Der Berliner Bischof Markus Dröge erklärte, "diejenigen Flüchtlinge, die zu uns kommen, haben ein Recht darauf, fair und menschenwürdig behandelt zu werden". Wer in seiner Heimat verfolgt wird, müsse Asyl beantragen können, heißt es in einem Beitrag des evangelischen Theologen für die "Berliner Zeitung" (Montagsausgabe).  "Und wer hier legal eine Arbeit sucht, soll die Möglichkeit dazu erhalten", betonte Dröge. Nötig sei daher eine humanitäre EU-Flüchtlingspolitik.

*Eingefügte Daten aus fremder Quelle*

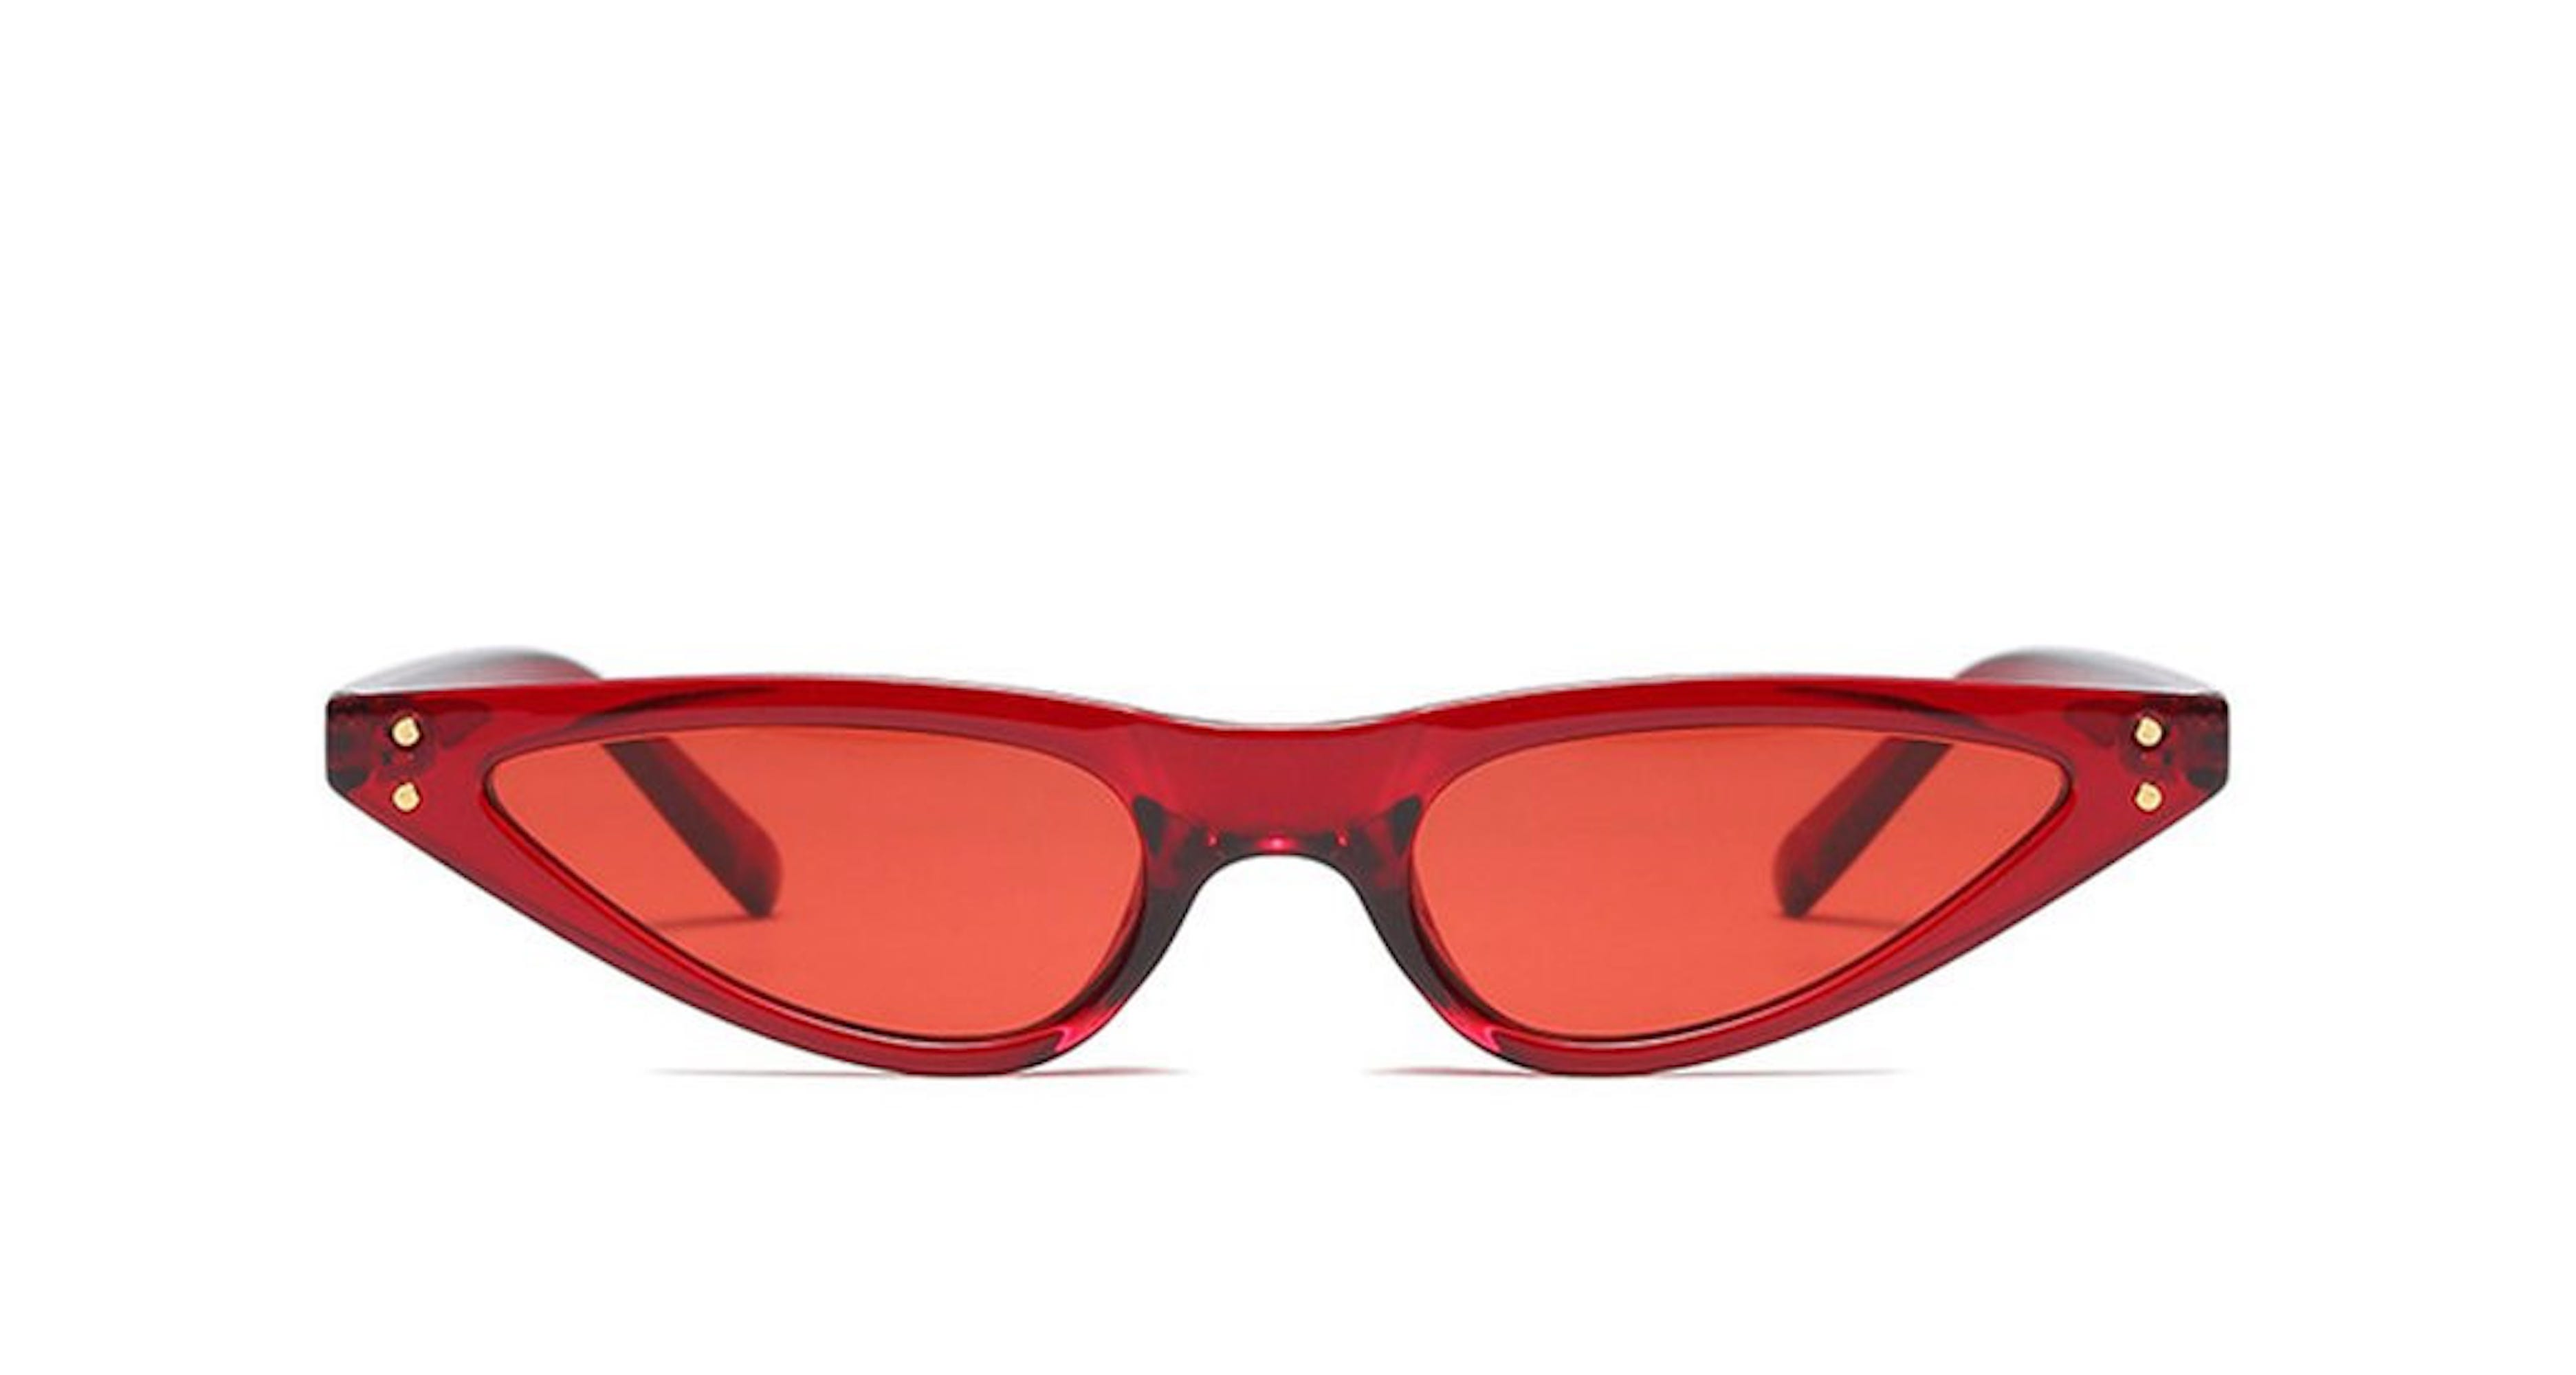 756a982fa6 Matrix Sunglasses - Where To Buy Skinny Shades

Mit Blick auf die Flüchtlingstragödien vor Lampedusa erklärte Dröge: "Es ist unwürdig angesichts dieser Schicksale von einer Flüchtlingswelle zu reden, als handelte es sich um eine Naturgewalt, der man sich mit allen Mitteln der Technik entgegen zu stellen hat." Vielmehr kämen junge Menschen "mit letzter Hoffnung, in großer Verzweiflung und bescheidenen Träumen von einem besseren Leben". Andere würden vor Krieg und Gewalt fliehen.

Bibel erzählt auf vielfältige Weise von Gastfreundschaft

Die biblische Weihnachtserzählung verpflichtet nach Ansicht des badischen evangelischen Landesbischofs Ulrich Fischer dazu, Flüchtlingen und anderen Heimatlosen in Deutschland eine Heimat zu geben. Die Bibel erzähle auf vielfältige Weise, dass Gastfreundschaft für Flüchtlinge ein zentrales göttliches Gebot sei, schreibt Fischer in seiner Weihnachtsbotschaft.

Der hessen-nassauische Kirchenpräsident Volker Jung (Darmstadt) hob in seiner Weihnachtsbotschaft die Bedeutung der Menschenwürde und der Freiheit hervor. Umso bedrückender seien alle Verletzungen der Menschenrechte, wie sie die Opfer des Kriegs in Syrien und viele Flüchtlinge erlebten, sagte Jung.

Die mitteldeutsche Landesbischöfin Ilse Junkermann (Magdeburg/Erfurt) ermutigte dazu, zu jenen Menschen zu gehen, "die am Rande stehen" sowie anderen ein Willkommen zu bereiten, "die aus der Ferne zu uns kommen". In diesem Sinne gehöre zum Schenken auch "ein klares Nein zu jeder Menschenverachtung" und Zeit für Kinder aufzuwenden, die in armen Verhältnissen leben und deshalb von Beginn an schlechtere Chancen hätten, betonte die leitende Geistliche der Evangelischen Kirche in Mitteldeutschland.